◆ **Exercise instructions**:
First find the line with "rick_lynn_book_7" in the entries below, then set down exactly every line through the line with "Sin City - Frank", that line included.

◆ **Input material**:
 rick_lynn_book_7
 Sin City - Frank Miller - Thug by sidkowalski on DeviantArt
--
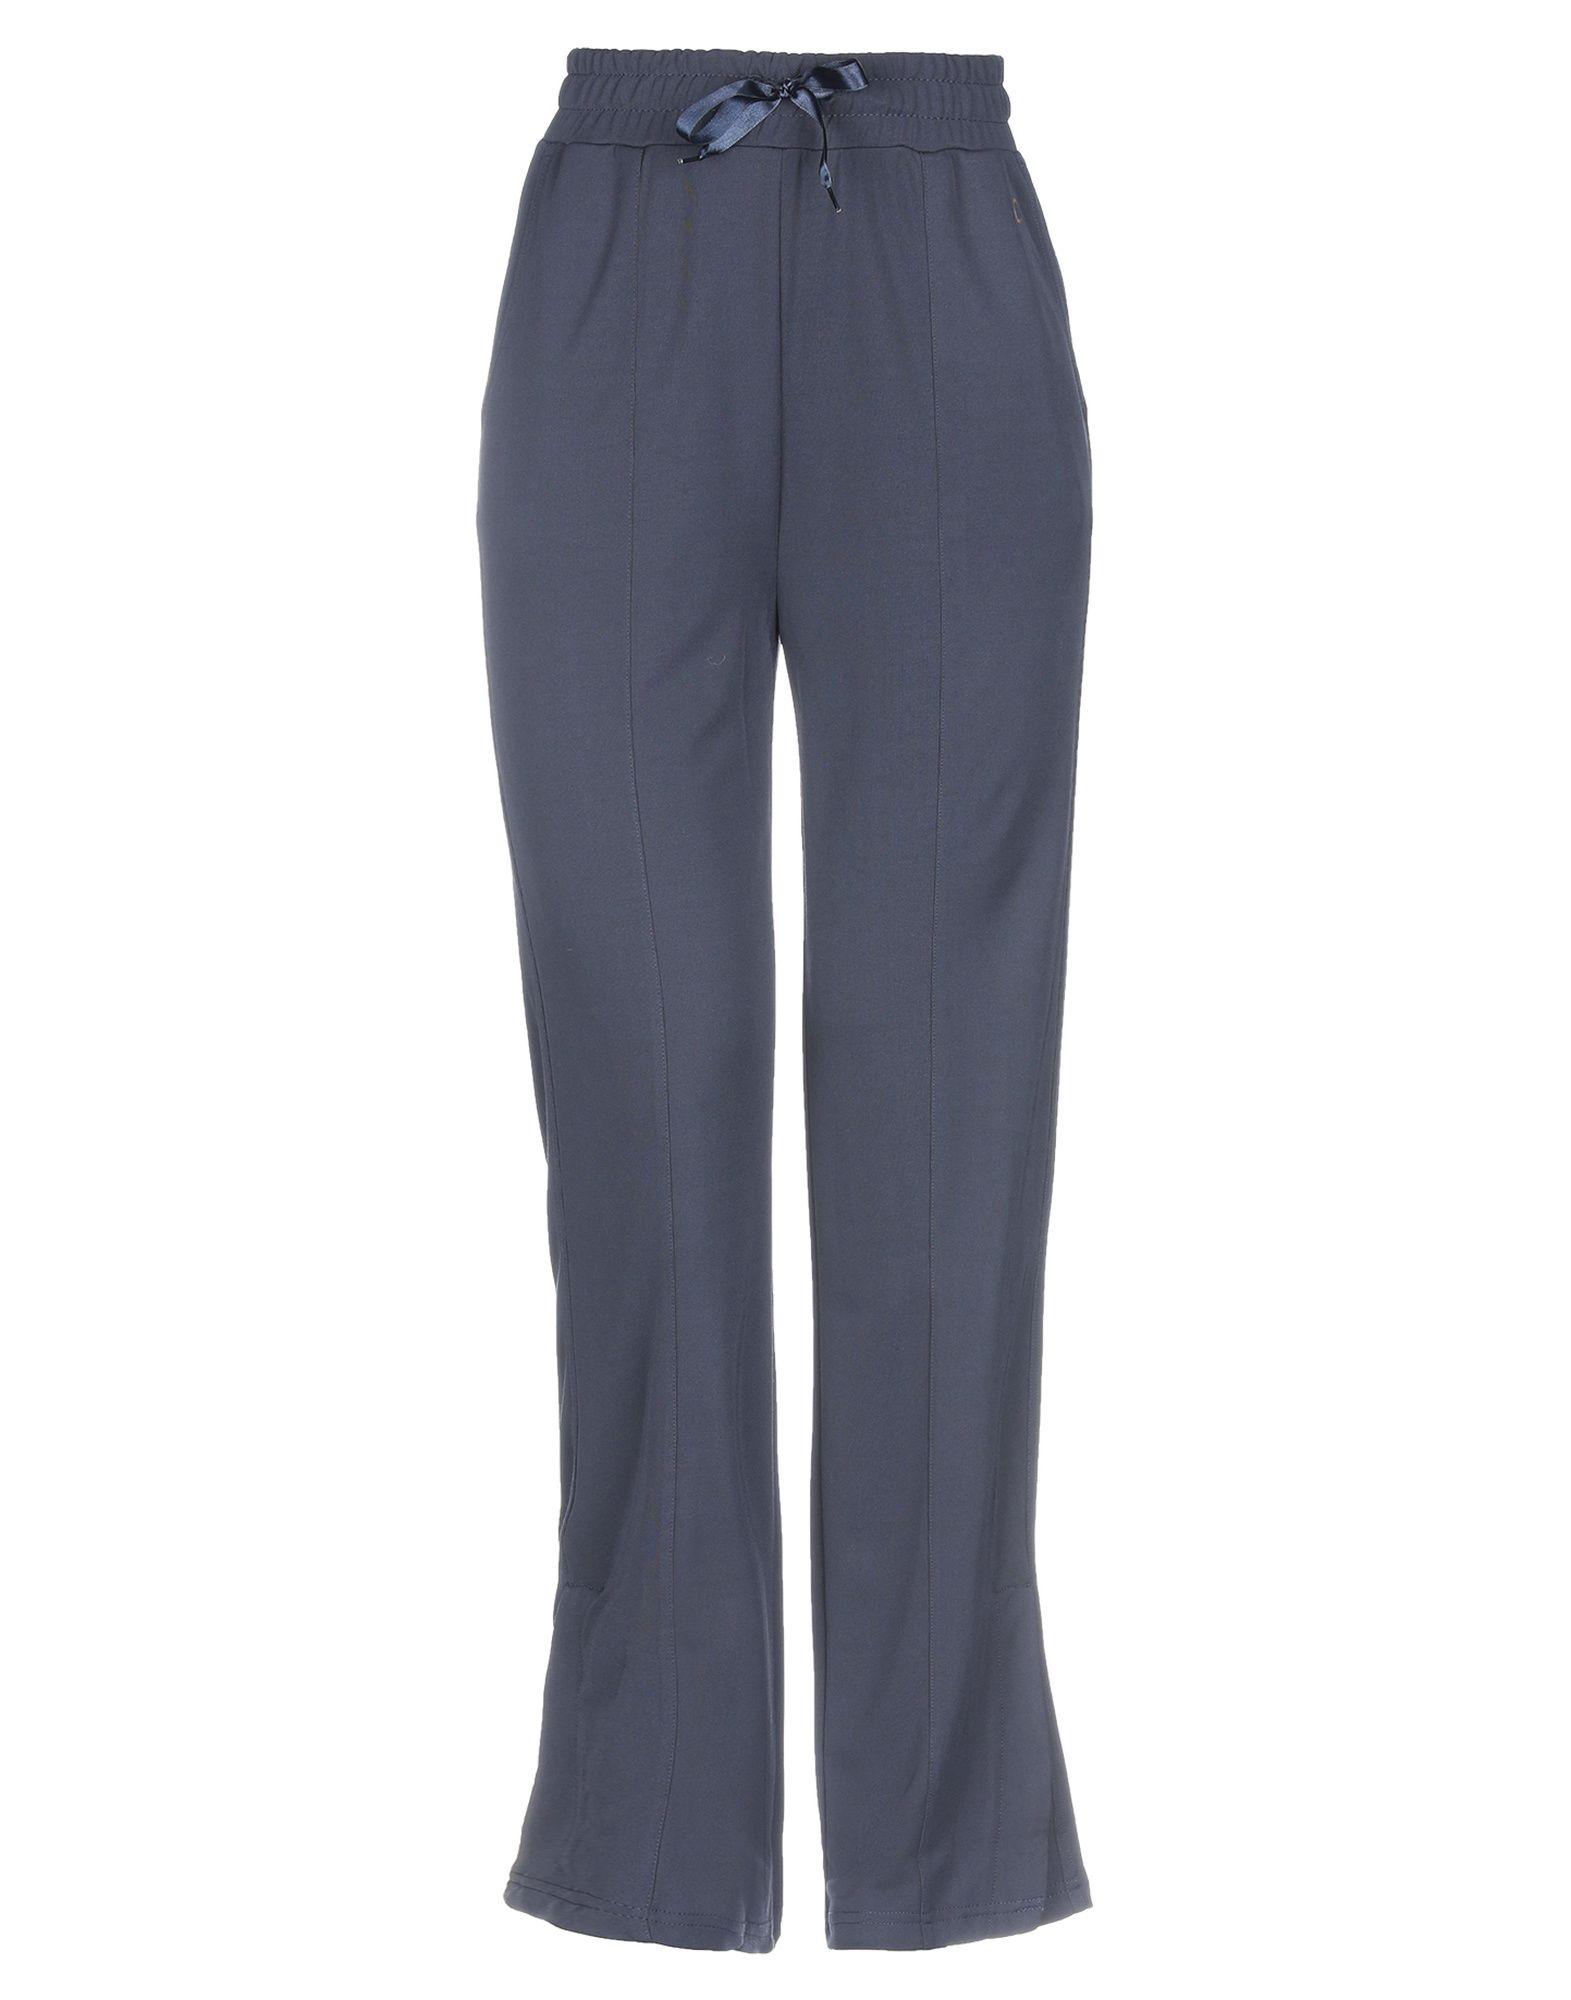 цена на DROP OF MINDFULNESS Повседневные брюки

◆ **Solution below**:
 rick_lynn_book_7
 Sin City - Frank Miller - Thug by sidkowalski on DeviantArt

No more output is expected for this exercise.